2. SYN Cookies—Rather than immediately sending the SYN to the server, the firewall generates a
cookie (on behalf of the server) to send in the SYN-ACK to the client. The client responds with its
ACK and the cookie; upon this validation the firewall then sends the SYN to the server. The SYN
Cookies action requires more firewall resources than Random Early Drop; it’s more discerning
because it affects bad traffic.
5. (Optional) On each of the flood tabs, change the following thresholds to suit your environment:
• Alarm Rate (connections/s)—Specify the threshold rate (cps) above which a DoS alarm is
generated. (Range is 0-2,000,000; default is 10,000.)
• Activate Rate (connections/s)—Specify the threshold rate (cps) above which a DoS response is
activated. When the Activate Rate threshold is reached, Random Early Drop occurs. Range is
0-2,000,000; default is 10,000. (For SYN Flood, you can select the action that occurs.)
• Max Rate (connections/s)—Specify the threshold rate of incoming connections per second that
the firewall allows. When the threshold is exceeded, new connections that arrive are dropped.
(Range is 2-2,000,000; default is 40,000.)

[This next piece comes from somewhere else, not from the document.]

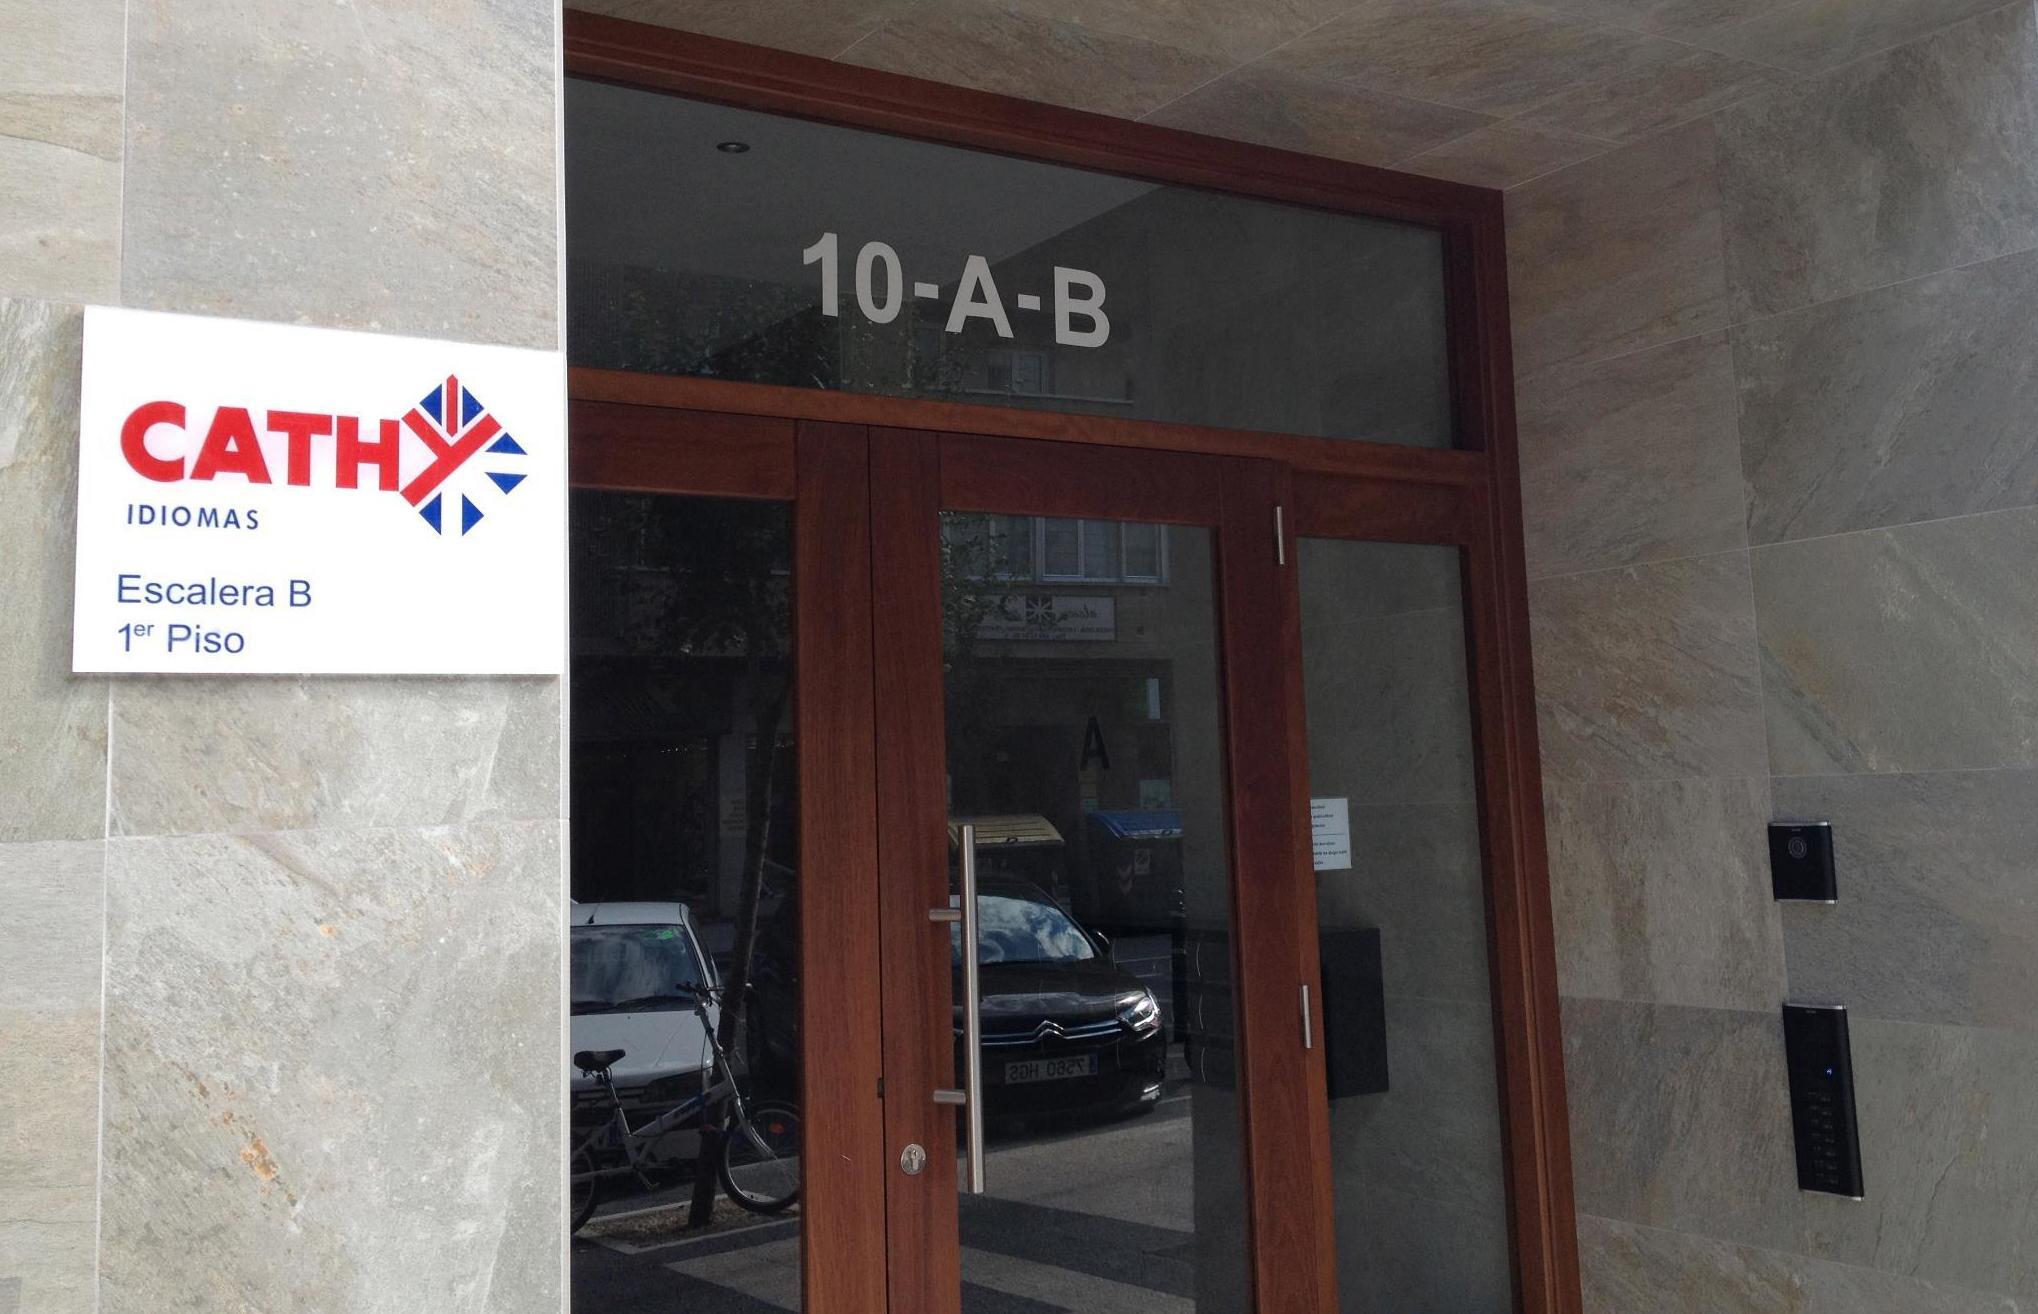 Academia de idiomas en Vitoria, Profesores licenciados en inglés
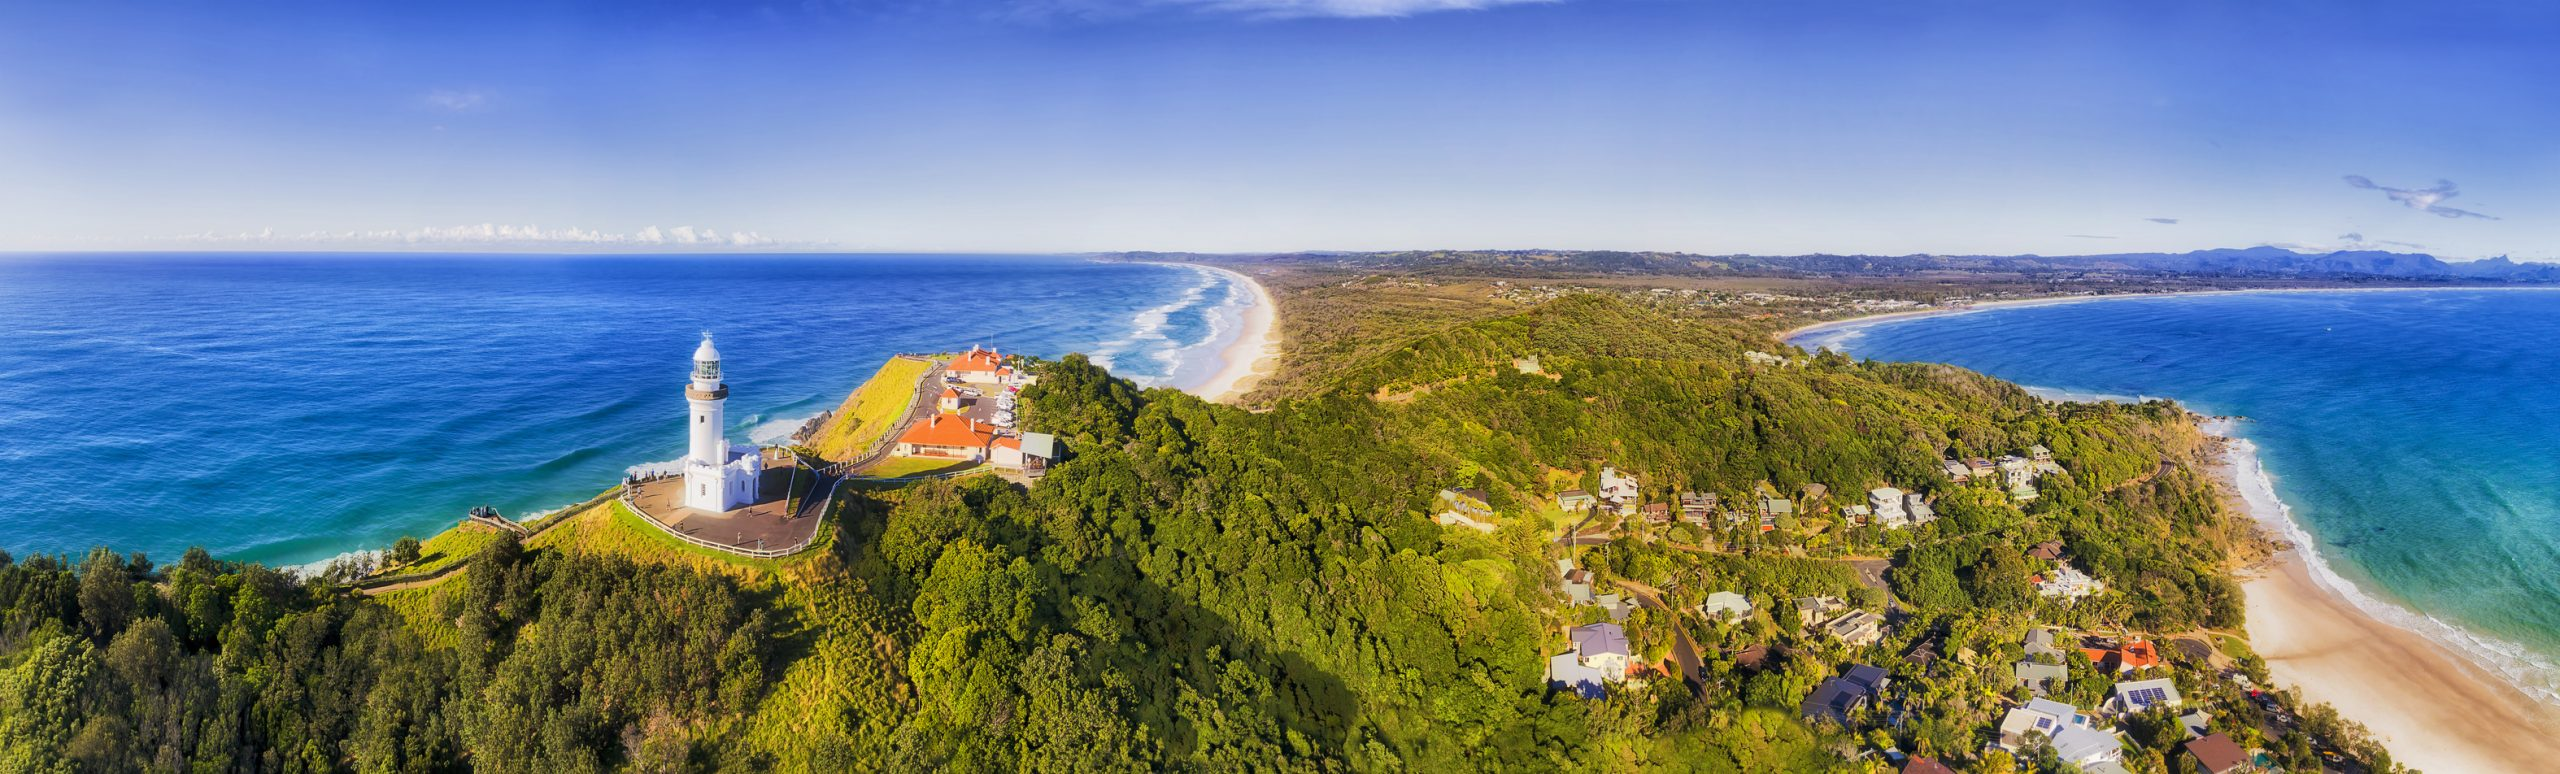 Byron Bay i Australien

The default threshold values in this step are only starting points and might not be
appropriate for your network. You must analyze the behavior of your network to
properly set initial threshold values.
6. On each of the flood tabs, specify the Block Duration (in seconds), which is the length of time the
firewall blocks packets that match the DoS Protection policy rule that references this profile. Specify
a value greater than zero. (Range is 1-21,600; default is 300.)

Set a low Block Duration value if you are concerned that packets you incorrectly
identify as attack traffic will be blocked unnecessarily.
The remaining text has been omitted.